The proposal: In January, the U.S. Department of Health and Human Services said it wants to curtail drug-price rebates paid to pharmacy-benefit managers, or PBMs. Drug companies use the rebates in part to achieve favorable placement on lists of medicines covered by insurance plans and administered by the PBMs. But those rebates play an important role in driving drug prices ever higher, with HHS estimating that they account for as much as 30 percent of a prescription drug’s retail price.

The desired effect: The Trump administration said that eliminating the rebates (by excluding them from “safe harbor” protections under the Anti-Kickback Statute) would reduce drug prices.
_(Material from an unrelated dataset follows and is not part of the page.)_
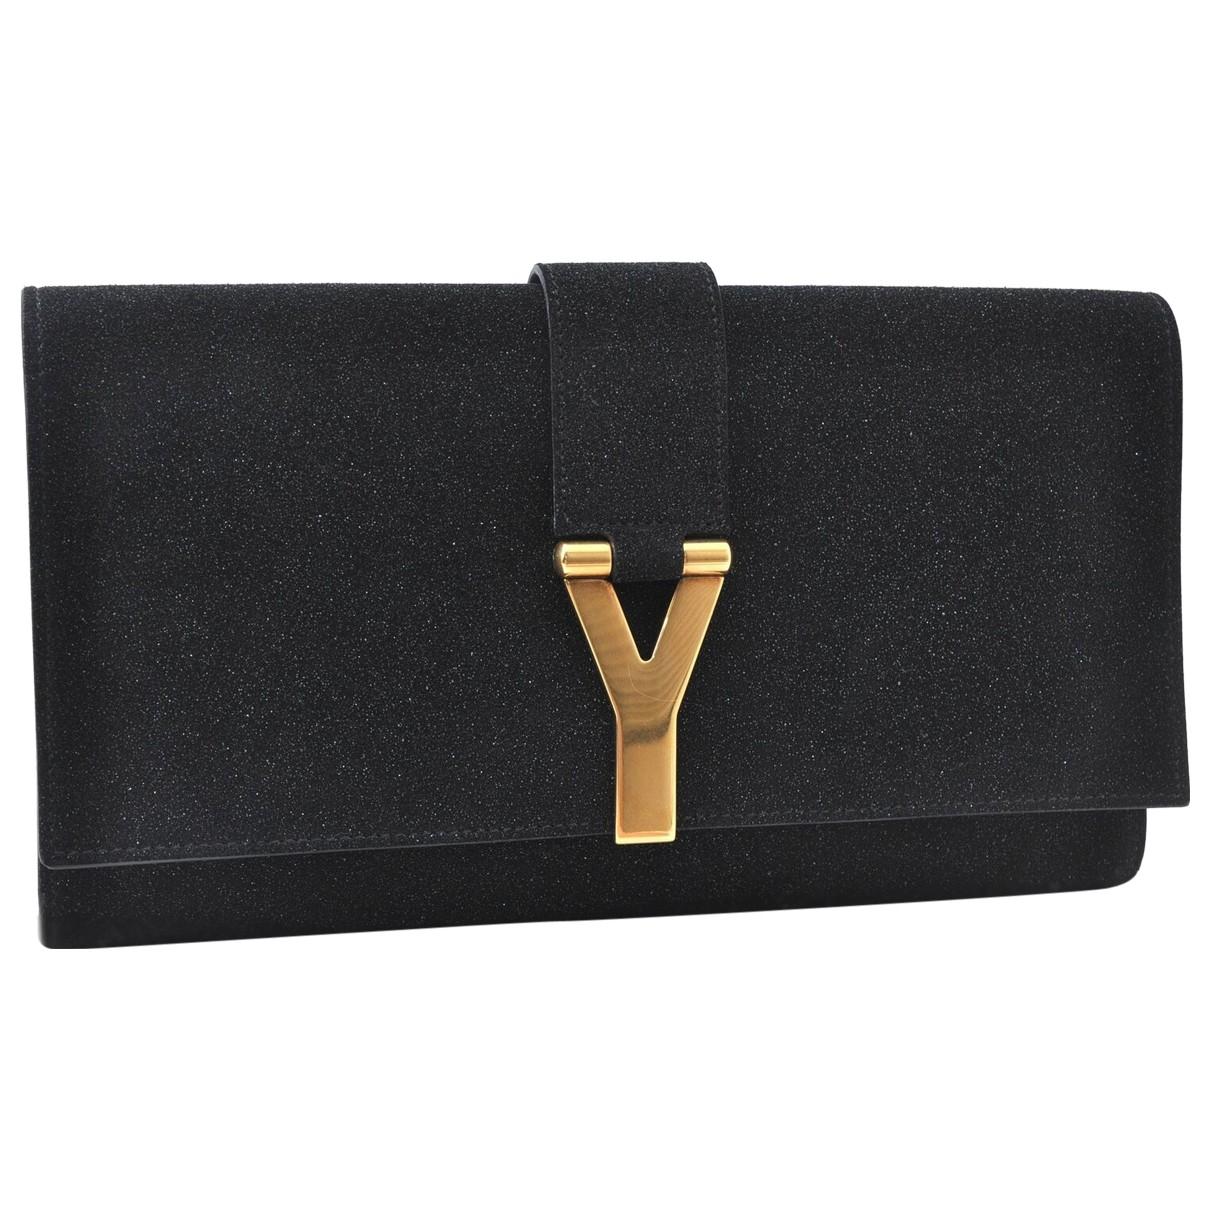 Yves Saint Laurent \N Clutch in  Schwarz Kunststoff

HHS also proposed to allow rebates to be paid directly to consumers, further lowering effective prices.

The likely result: CBO said that drug manufacturers were unlikely to lower prices following a rebate ban and would instead find a new way to keep the payment system operating: “CBO expects that rather than lowering list prices, manufacturers would offer the renegotiated discounts in the form of chargebacks,” the report said, with those new payments equal to about 85% of the rebates currently being paid.  

Drugmakers would keep the other 15% of the rebates for themselves, CBO said, based on consultations with stakeholders and other experts.

Federal health care spending would be affected, CBO said, with Medicare costs rising by $170 billion between 2020 and 2029. Currently, health plans may use the drug rebates to reduce premiums, and those premiums would rise in their absence. “Because the government subsidizes 74.5 percent of the basic beneficiary premium, higher premiums would lead to larger federal subsidies, thus increasing federal spending,” CBO said.  

Medicaid spending would also rise, by about $7 billion over 10 years.

The bottom line: The rule is scheduled to take effect in 2020. According to the federal government’s budget analysts, the Trump administration’s proposal to eliminate drug rebates would fail to reduce drug prices and would increase Medicare and Medicaid spending by about $177 billion over 10 years.